Dreams in the Desert
The allure of Morocco, with its unpredictable mix of exuberance and artistry, has seduced adventurous travelers for decades
- By Richard Covington
- Smithsonian.com, August 01, 2002, Subscribe
(Page 9 of 10)
Najia vigorously bargains for our lunch with a fishmonger (the tab for the three of us is $13), and we join other diners at a long table. After lunch, I wander past a row of arched enclosures built into the fortress walls, old storage cellars where woodworkers now craft tables, boxes and chairs. High on the ramparts where Welles filmed Othello’s opening scenes, young Moroccans while away the afternoon astride 18thcentury cannon.

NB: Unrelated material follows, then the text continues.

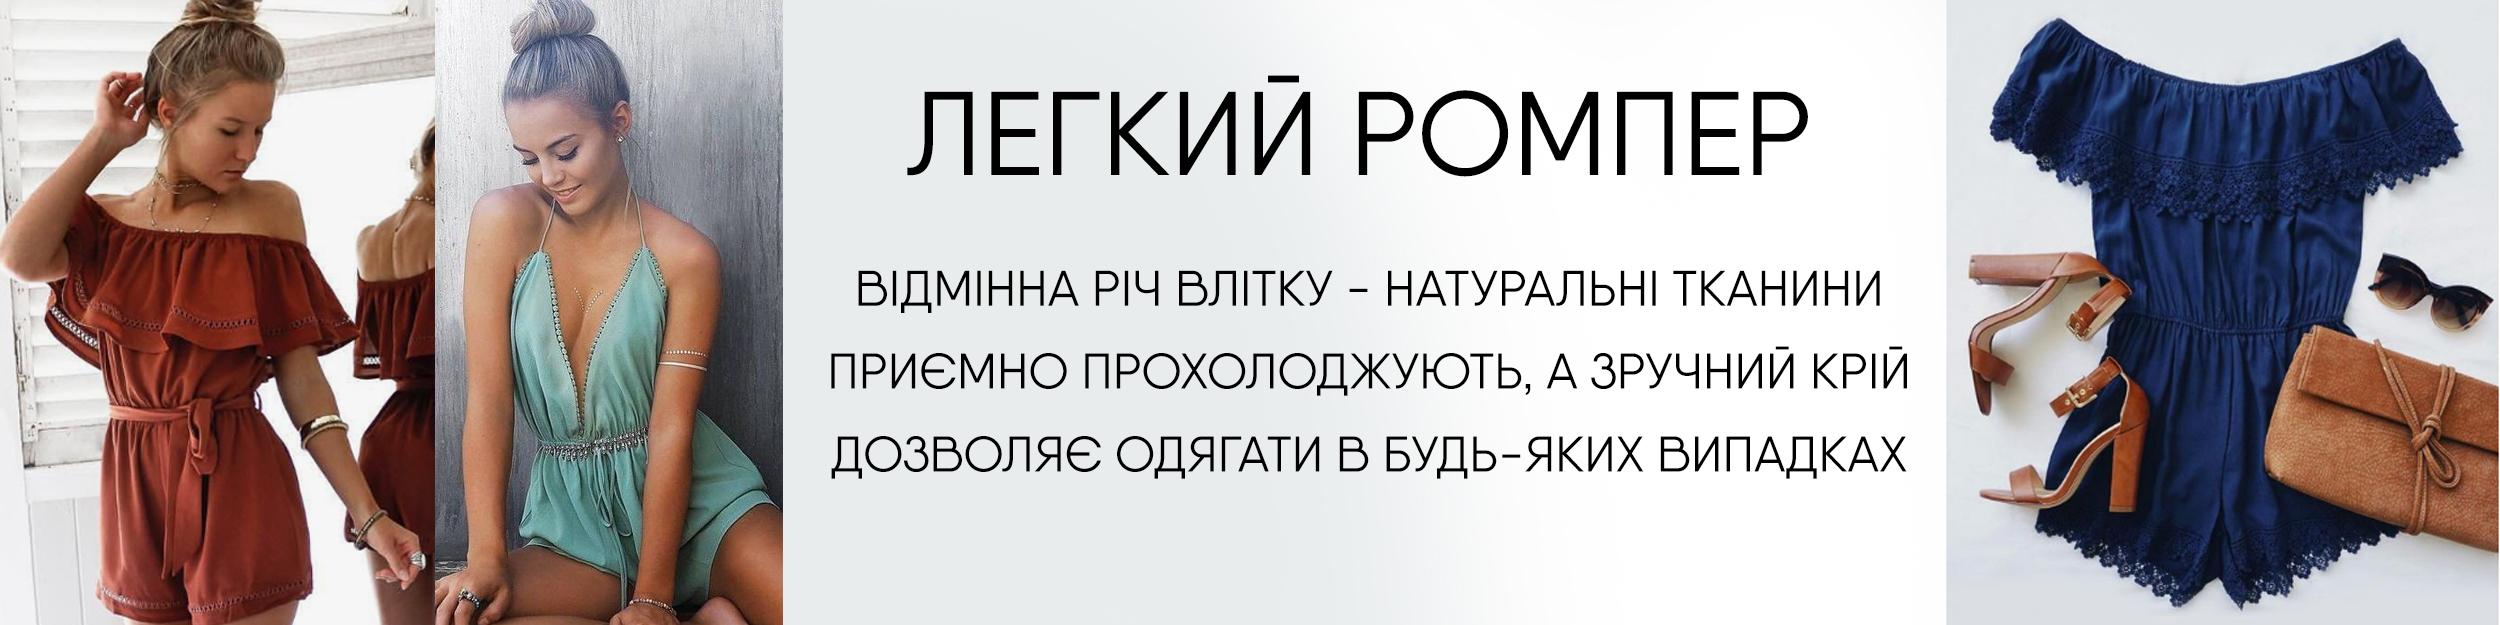 Домашні жіночі комбінезони купити в Україні ➩ c648993f64e7c

In contrast to the chaotic maze of the medinas in Marrakech and Fes, the wide pedestrian walkways of Essaouira’s old town are positively Cartesian. Laid out by French urban planner Theodore Cornut in the 18th century, the boulevards buzz with vendors selling chickens and rabbits.
Through a mutual friend, I make arrangements to meet Mahmoud Gania, one of the legendary masters of gnaoua music. Arriving in the evening at his cinder block house, I am greeted by his wife, Malika, and three irrepressible children. We sit on velvet couches, and Malika translates Mahmoud’s Arabic comments into French. Though Mahmoud’s group of five attracts thousands of fans to concerts in France, Germany, Japan and all over Morocco, traditional gnaoua ceremonies are private, all-night affairs that take place at home among family and friends. The purpose of these recitals is therapy, not entertainment. The idea is to put a person suffering from depression, insomnia or other psychological problems into a trance and exorcise the afflicting spirit; today the ritual is not used to cure serious medical ills.
As Mahmoud and Malika wrap up their description of the ceremony, which involves colored cloths, perfumes, food, drink, incantations, prayers and mesmeric, trance-inducing rhythms, Mahmoud slides onto the floor and begins picking out a hypnotic tune on the goatskin lute called a guimbri. Malika claps in counterpoint, and the drummer from his group joins in, tapping a syncopated beat on a plastic box of a cassette tape. The children are soon clapping and dancing in perfect time. “Hamza is only 10 years old, but he’s learning the guimbri from his father and has already performed with us in Japan,” says Malika, hugging her oldest child.